● Work request
Repeat the records in full, exactly.

● Input for this task

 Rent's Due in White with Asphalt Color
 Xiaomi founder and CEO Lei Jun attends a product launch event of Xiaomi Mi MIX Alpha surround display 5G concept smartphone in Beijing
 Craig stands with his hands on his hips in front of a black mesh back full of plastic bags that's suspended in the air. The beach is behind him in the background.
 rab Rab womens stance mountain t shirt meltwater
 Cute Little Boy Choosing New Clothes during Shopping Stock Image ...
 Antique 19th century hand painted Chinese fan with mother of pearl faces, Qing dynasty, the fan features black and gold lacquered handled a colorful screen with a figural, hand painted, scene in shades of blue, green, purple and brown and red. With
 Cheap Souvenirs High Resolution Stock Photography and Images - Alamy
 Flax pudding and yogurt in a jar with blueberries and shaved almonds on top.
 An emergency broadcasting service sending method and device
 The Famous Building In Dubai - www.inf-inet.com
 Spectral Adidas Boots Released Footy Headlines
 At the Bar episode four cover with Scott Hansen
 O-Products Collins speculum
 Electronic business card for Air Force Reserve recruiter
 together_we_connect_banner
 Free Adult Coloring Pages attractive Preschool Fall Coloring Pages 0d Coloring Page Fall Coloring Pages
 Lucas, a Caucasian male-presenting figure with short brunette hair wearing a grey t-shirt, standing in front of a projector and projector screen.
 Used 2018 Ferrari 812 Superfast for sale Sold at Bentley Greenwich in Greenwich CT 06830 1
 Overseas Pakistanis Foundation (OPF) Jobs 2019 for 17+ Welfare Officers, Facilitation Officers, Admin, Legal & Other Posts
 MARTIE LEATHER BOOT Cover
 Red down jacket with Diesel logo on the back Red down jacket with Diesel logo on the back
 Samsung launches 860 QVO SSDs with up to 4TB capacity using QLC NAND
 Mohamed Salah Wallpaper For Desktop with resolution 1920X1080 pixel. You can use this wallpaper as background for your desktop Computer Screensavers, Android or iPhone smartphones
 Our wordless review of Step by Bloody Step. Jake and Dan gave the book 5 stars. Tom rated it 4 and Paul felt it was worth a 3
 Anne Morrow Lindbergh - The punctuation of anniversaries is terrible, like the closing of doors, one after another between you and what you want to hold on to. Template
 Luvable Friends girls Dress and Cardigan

● Reply
 Rent's Due in White with Asphalt Color
 Xiaomi founder and CEO Lei Jun attends a product launch event of Xiaomi Mi MIX Alpha surround display 5G concept smartphone in Beijing
 Craig stands with his hands on his hips in front of a black mesh back full of plastic bags that's suspended in the air. The beach is behind him in the background.
 rab Rab womens stance mountain t shirt meltwater
 Cute Little Boy Choosing New Clothes during Shopping Stock Image ...
 Antique 19th century hand painted Chinese fan with mother of pearl faces, Qing dynasty, the fan features black and gold lacquered handled a colorful screen with a figural, hand painted, scene in shades of blue, green, purple and brown and red. With
 Cheap Souvenirs High Resolution Stock Photography and Images - Alamy
 Flax pudding and yogurt in a jar with blueberries and shaved almonds on top.
 An emergency broadcasting service sending method and device
 The Famous Building In Dubai - www.inf-inet.com
 Spectral Adidas Boots Released Footy Headlines
 At the Bar episode four cover with Scott Hansen
 O-Products Collins speculum
 Electronic business card for Air Force Reserve recruiter
 together_we_connect_banner
 Free Adult Coloring Pages attractive Preschool Fall Coloring Pages 0d Coloring Page Fall Coloring Pages
 Lucas, a Caucasian male-presenting figure with short brunette hair wearing a grey t-shirt, standing in front of a projector and projector screen.
 Used 2018 Ferrari 812 Superfast for sale Sold at Bentley Greenwich in Greenwich CT 06830 1
 Overseas Pakistanis Foundation (OPF) Jobs 2019 for 17+ Welfare Officers, Facilitation Officers, Admin, Legal & Other Posts
 MARTIE LEATHER BOOT Cover
 Red down jacket with Diesel logo on the back Red down jacket with Diesel logo on the back
 Samsung launches 860 QVO SSDs with up to 4TB capacity using QLC NAND
 Mohamed Salah Wallpaper For Desktop with resolution 1920X1080 pixel. You can use this wallpaper as background for your desktop Computer Screensavers, Android or iPhone smartphones
 Our wordless review of Step by Bloody Step. Jake and Dan gave the book 5 stars. Tom rated it 4 and Paul felt it was worth a 3
 Anne Morrow Lindbergh - The punctuation of anniversaries is terrible, like the closing of doors, one after another between you and what you want to hold on to. Template
 Luvable Friends girls Dress and Cardigan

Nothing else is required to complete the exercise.